By creating a space for students to learn and implement positive performance psychology throughout their legal education, students and schools can align on improving student outcomes, creating better lawyer-people and lawyer-managers -- attributes of increasing importance in law firms and in-house-- by effectuating student understanding of how the way we wire our brains catalyzes factors that drive multifaceted success, including reducing burnout, increasing resilience and long-term satisfaction, developing healthier relationships, and improving empathy-based soft skills. However, this is not merely a call for administrative altruism, as student benefits will inure to the success of the few schools who are humble enough to recognize the need for fundamental changes as transformative as they are trite.
An Illustration
While not the primary subject of discussion, I hope my arrival at, unceremonious departure from, and return to Columbia Law School will illustrate that this approach is not unbridled idealism, uninformed by the particularities of school administration, but rather a moral and pragmatic imperative.
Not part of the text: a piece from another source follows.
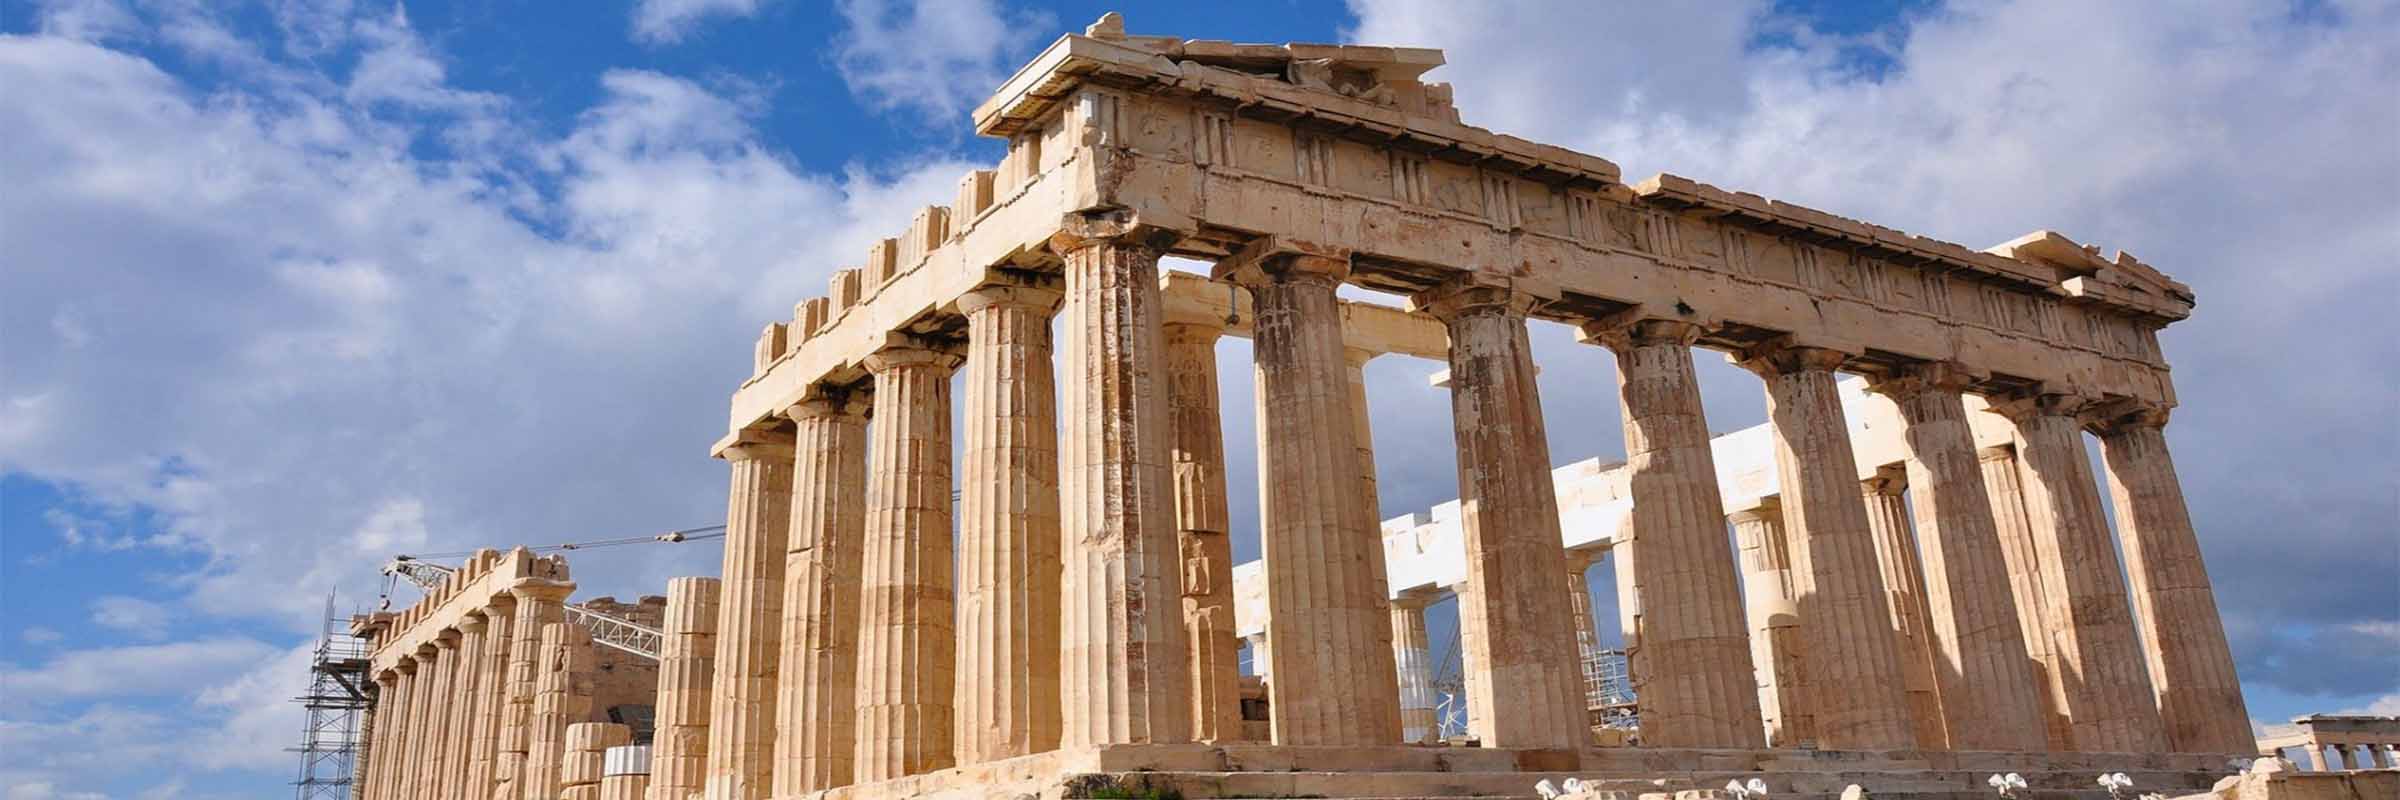 ATHENS-PRIVATE-TOURS-TRANSFERS-3

On March 15, 2020 -- the day that the U.S. first felt the weight of the epidemic -- my mother passed away following an extended battle with cancer, necessitating that I leave behind my senior spring at USC and move home to Tucson, Arizona to care for my brother and sister. While I would never dare abdicate this responsibility, these circumstances framed matriculation to Columbia as a saving grace, the end of my ordeal.
The following fall, I arrived to New York to a closed campus and abject isolation. Amidst the rolling hills of pompous praise heaped upon Columbia's "most competitive class yet," no one dared broach the question of whether we were equipped to undertake what promised to be a bleak semester in a desolate New York. For me, the requisite contemplation arrived too late, as an increasingly aggressive depression sapped my energy, undermined my retention, and cast me off towards despair. Thankfully, before I could succumb to the mounting weight of darkness, I found a moment of light in which to arrange a medical leave of absence.
In the intervening year, I found myself wanting for many of the most basic skills that had carried me to Columbia and arduously seeking to find at least an uncertain equilibrium. When I returned in the fall, I was met with the same canned hypocrisy as the year prior -- you are "brilliant" enough to receive autonomy where we want to abdicate responsibility, but must succeed within predetermined parameters of unflinching custom followed with blind fidelity. From my glance behind the curtain the previous fall, I knew the questions I needed to answer to fulfill my singular goal -- to survive, grades be damned -- and I struggled in isolation through several of the topics I now hope to see integrated into the 1L curriculum. Without the answers I found, I would not be here today.
The Adaptable Mind Reading Group
The Blueprint
The Adaptable Mind Reading Group can seamlessly integrate into the 1L curriculum and can be implemented by Fall 2022 by contextualizing the best practices of peer institutions. The foundations of the reading group would be derived from the proven successes of Harvard Business School's "Leadership and Happiness" course and Yale Professor Laurie Santos' lauded "Happiness and the Good Life" course.
Structure
The reading group would run for the first 10 weeks of each 1L semester through biweekly modules following two initial meetings to bookend fall Legal Methods.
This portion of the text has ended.